Adrenal and Paraganglionic Tumors

Introduction We previously described that a short version of the acute octreotide test (sAOT) can predict the response to first-generation somatostatin receptor ligands (SRLs) in patients with acromegaly. We have prospectively reassessed the sAOT in patients from the ACROFAST study using current ultra-sensitive GH assays. We also studied the correlation of sAOT with tumor expression of E-cadherin and somatostatin receptor 2 (SSTR2) . Methods A total of 47 patients treated with SRLs for 6 months were evaluated with the sAOT at diagnosis and correlated with SRLs’ response. Those patients whose IGF1 decreased to <3SDS from normal value were considered responders and those whose IGF1 was ≥3SDS, were considered non-responders . The 2 hours GH value (GH 2h ) after s.c. administration of 100 mcg of octreotide was used to define predictive cutoffs. E-cadherin and SSTR2 immunostaining in somatotropinoma tissue were investigated in 24/47 and 18/47 patients, respectively. Results In all, 30 patients were responders and 17 were non-responders.

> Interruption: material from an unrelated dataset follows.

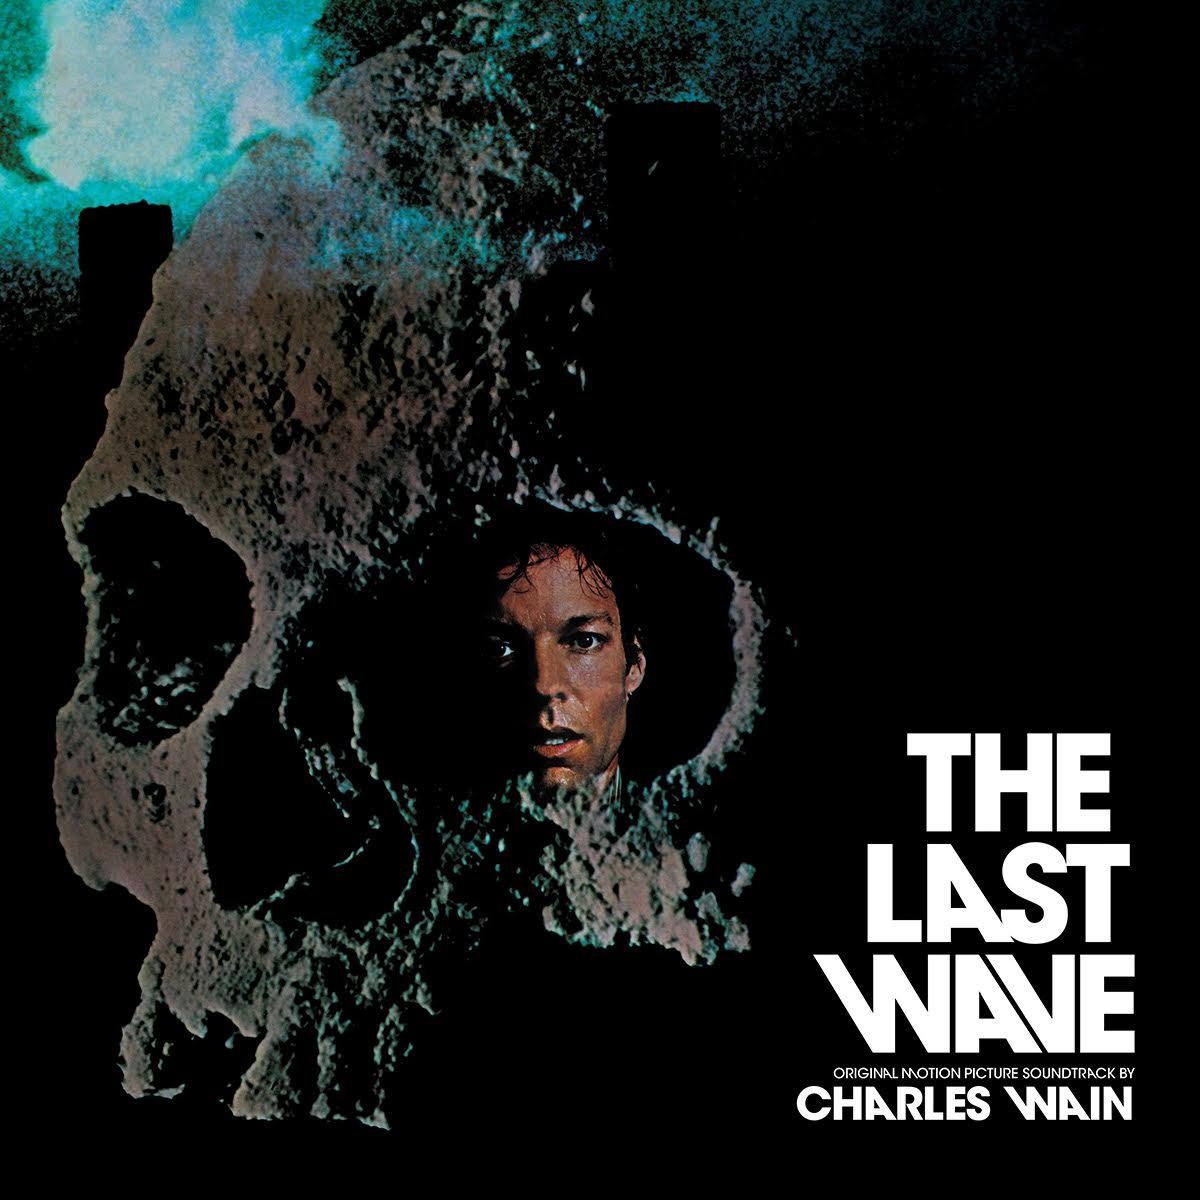 The Last Wave album cover
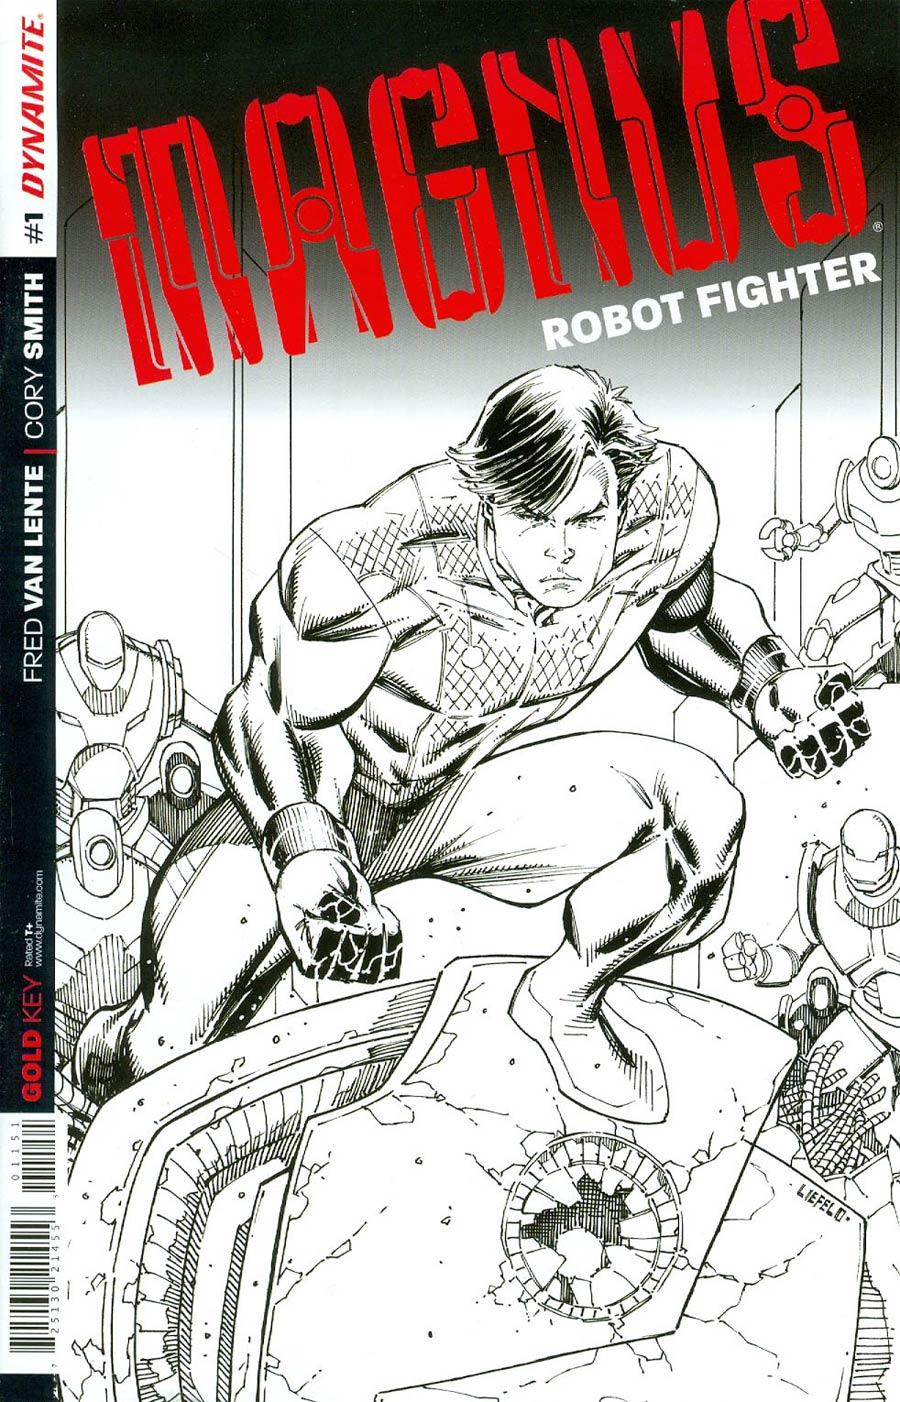 Magnus Robot Fighter Vol 4 #1 Cover G Incentive Rob Liefeld Black & White Retailer Premium Variant Cover

GH 2h was 0.68 (0.25-1.98) ng/mL in responders vs 2.35 (1.59-9.37) ng/mL in non-responders (p<0.001). GH 2h = 1.4ng/mL showed the highest ability to identify responders (accuracy of 81%, sensitivity of 73.3%, and specificity of 94.1%). GH 2h = 4.3ng/mL was the best cutoff for non-response prediction (accuracy of 74%, sensitivity of 35.3%, and specificity of 96.7%). Patients with E-cadherin-positive tumors showed a lower GH 2h than those with E-cadherin-negative tumors [0.9 (0.3-2.1) vs 3.3 (1.5-12.1) ng/mL; p<0.01], and patients with positive E-cadherin presented a higher score of SSTR2 (7.5 ± 4.2 vs 3.3 ± 2.1; p=0.01). Conclusion The sAOT is a good predictor tool for assessing response to SRLs and correlates with tumor E-cadherin and SSTR2 expression. Thus, it can be useful in clinical practice for therapeutic decision-making in patients with acromegaly.